Bizler, ta ülkenin işgal edildiği mütareke yıllarında İngiliz ajanı Rahip Frew’un kurduğu İngiliz Muhipleri Cemiyeti’ne kimlerin üye olduğunu çok iyi anımsıyoruz. Padişah Vahdettin’den Sait Molla’ya, Dâhiliye Nazırı Ali Kemal’e, sıraya girmişlerdi… Bugün de o İngilizlerin önünde takla atanları, hatta secde edenleri savunuyor bütün başarısızlıklarını “Dış Güçler”e bağlayanlar…

Biz çok iyi anımsıyoruz… 1969 yılında İstanbul Boğazı’na giren Amerikan 6. Filosuna karşı secde ederek namaz kılanları, sonra da 6. Filo’yu protesto edenlere “din elden gidiyor” diyerek satırlarla, sopalarla, bıçaklarla saldıranları; devrimci gençlerimizin, emekçi işçilerimizin kanlarını dökenleri, o “Kanlı Pazar”ı çok iyi anımsıyoruz. O saldırıların başındakiler meclis başkanlıklarına kadar yükseldiler bu ülkede “Dış Güçler” diye diye…
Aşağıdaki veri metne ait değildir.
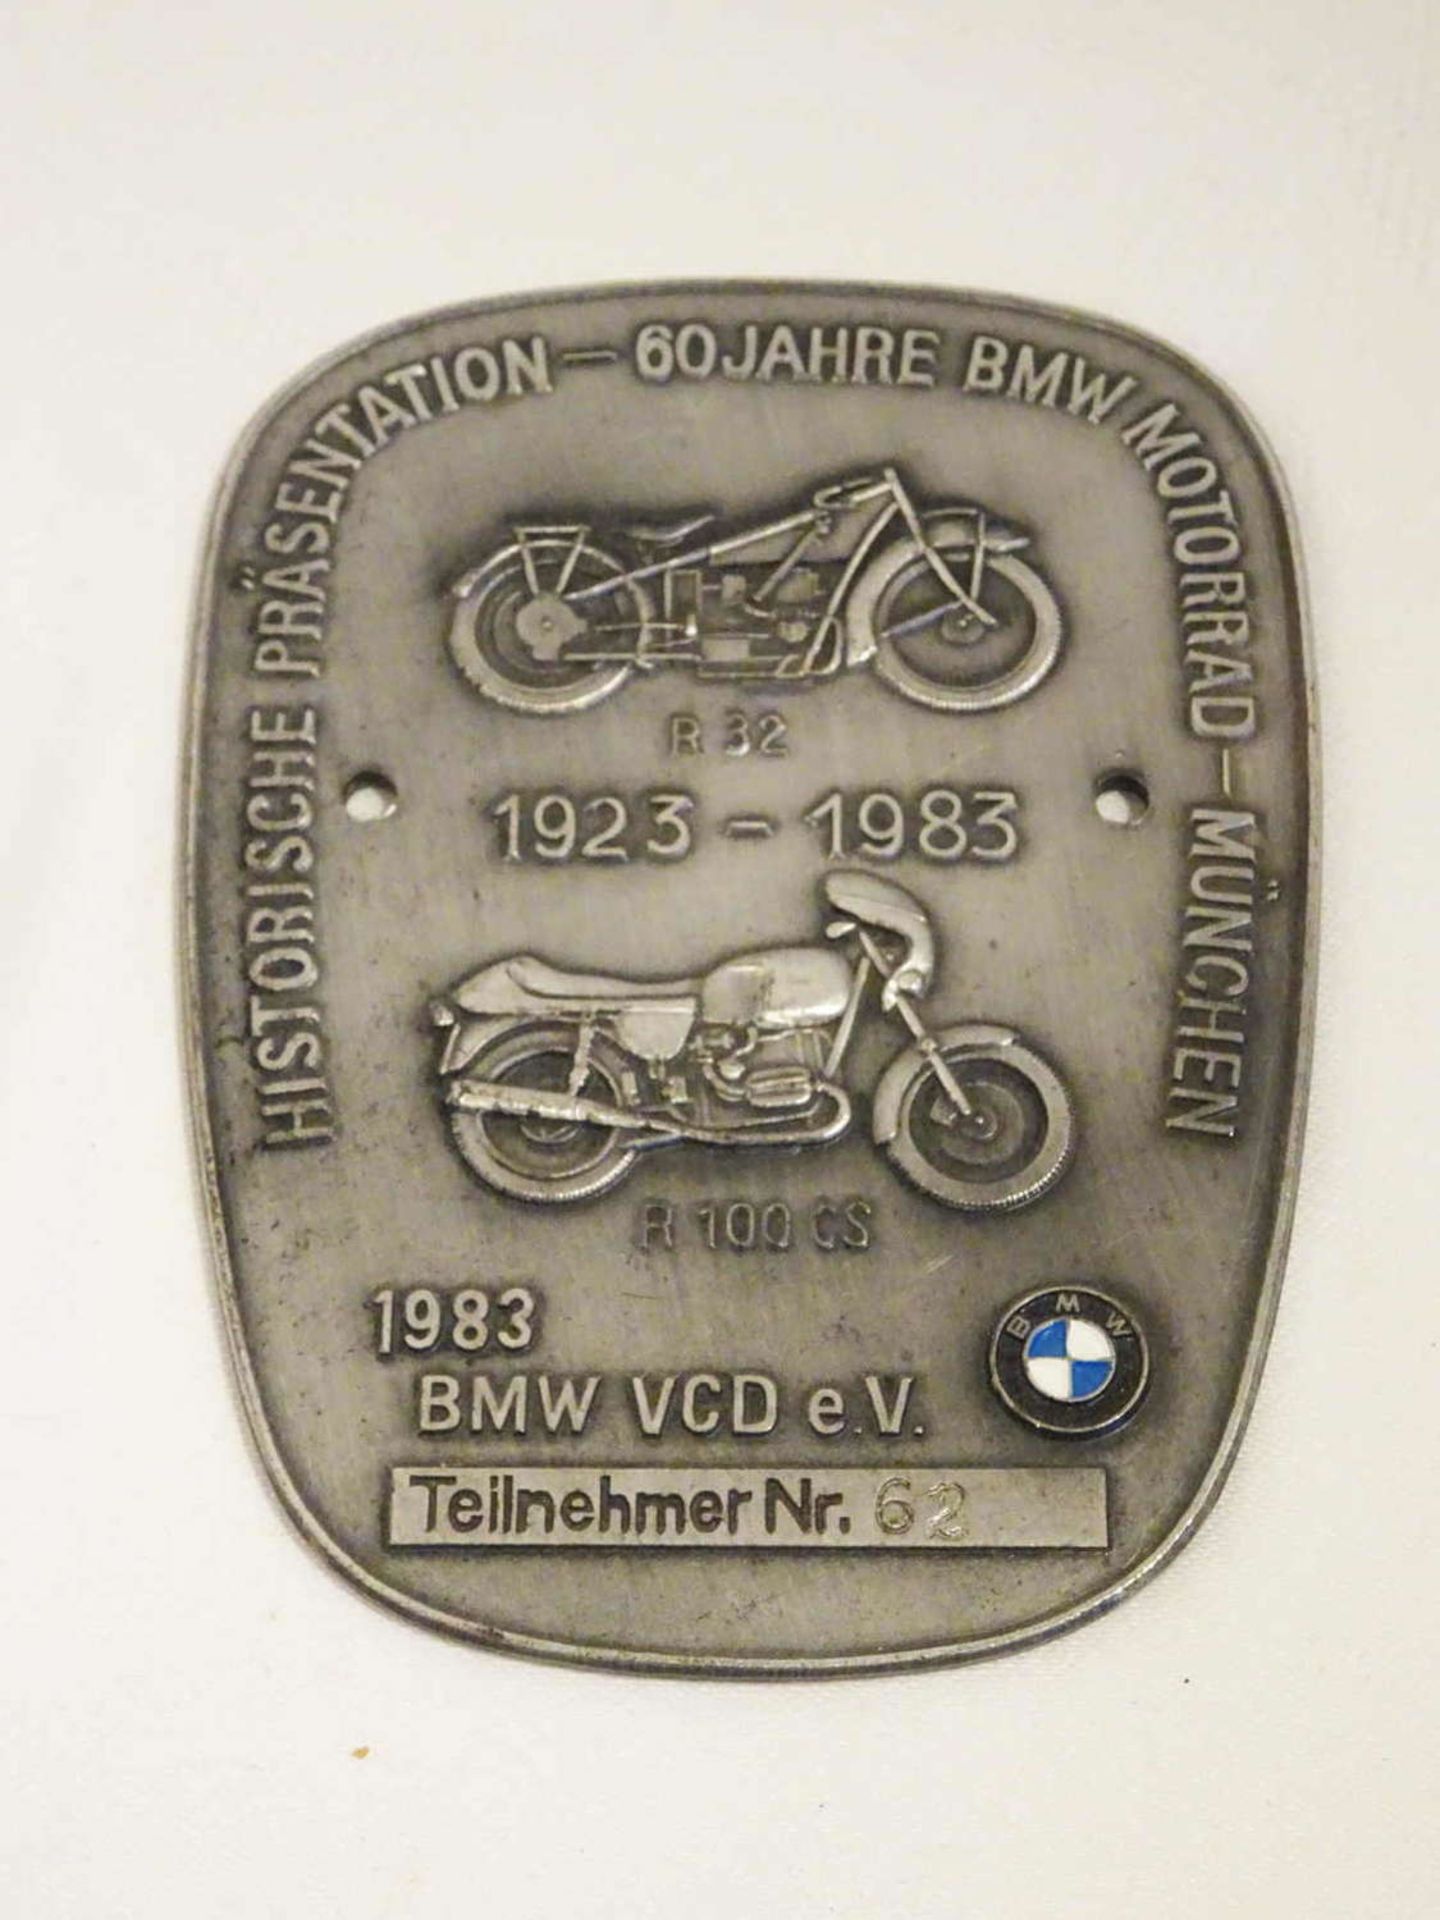 Plaque historical presentation - 60 years BMW Motorrad - Munich 1923-1983, BMW VCD e.V. - Bild 2 aus 2

Bu bilgisayar denen gereç gerçekten de çok işe yarıyor… Günü gününe eline geçen belgeleri kayıt altına alabiliyorsun. Zamanın birinde Prof. Dr. Tolga Yarman’ın Dış İşleri Bakanlığı’na yazdığı (sanki kendi ülkesinin dış işlerine bakan bir bakanlık sanmış olmalı!) yazdığı, ABD’nin Türkiye Büyükelçisi’nin ülkemiz içişlerine yönelik müdahalesinden söz eden ve bir biçimde internet ortamında benim de elime geçen bir mektubu kayıt altına almışım. Sevgili hocamız, Fulbright Bursiyerleri Derneği’nin bir çağrısına uyarak 24 Mart 2010 tarihinde Boğaziçi Üniversitesi Rektörlük Salonu’nda yapılan bir toplantıya katılmış. Toplantının olgunluk adımında ABD Büyükelçisi James F. Jeffry toplantıya katılanlara tanıtılmış ve söz ona verilmiş

“Başbakan’ı ve Cumhurbaşkanı’nı övdü. Söz BOP’a gelince, Osmanlı İmparatorluğu’nu övdü!.. Hükümet’le harika bir ilişki sürdürdüklerini belirtti. Sonra  ‘Biz, ülkelerin iç işlerine karışmayız!’, demesine karşın, sözü, Türkiye’nin demokratikleşmesine ve Anayasa değişikliğine getirdi. Bunun gerekliliğini vurguladı ve referandum için, bizlerden destek beklediğini, açık bir dille ortaya koydu…”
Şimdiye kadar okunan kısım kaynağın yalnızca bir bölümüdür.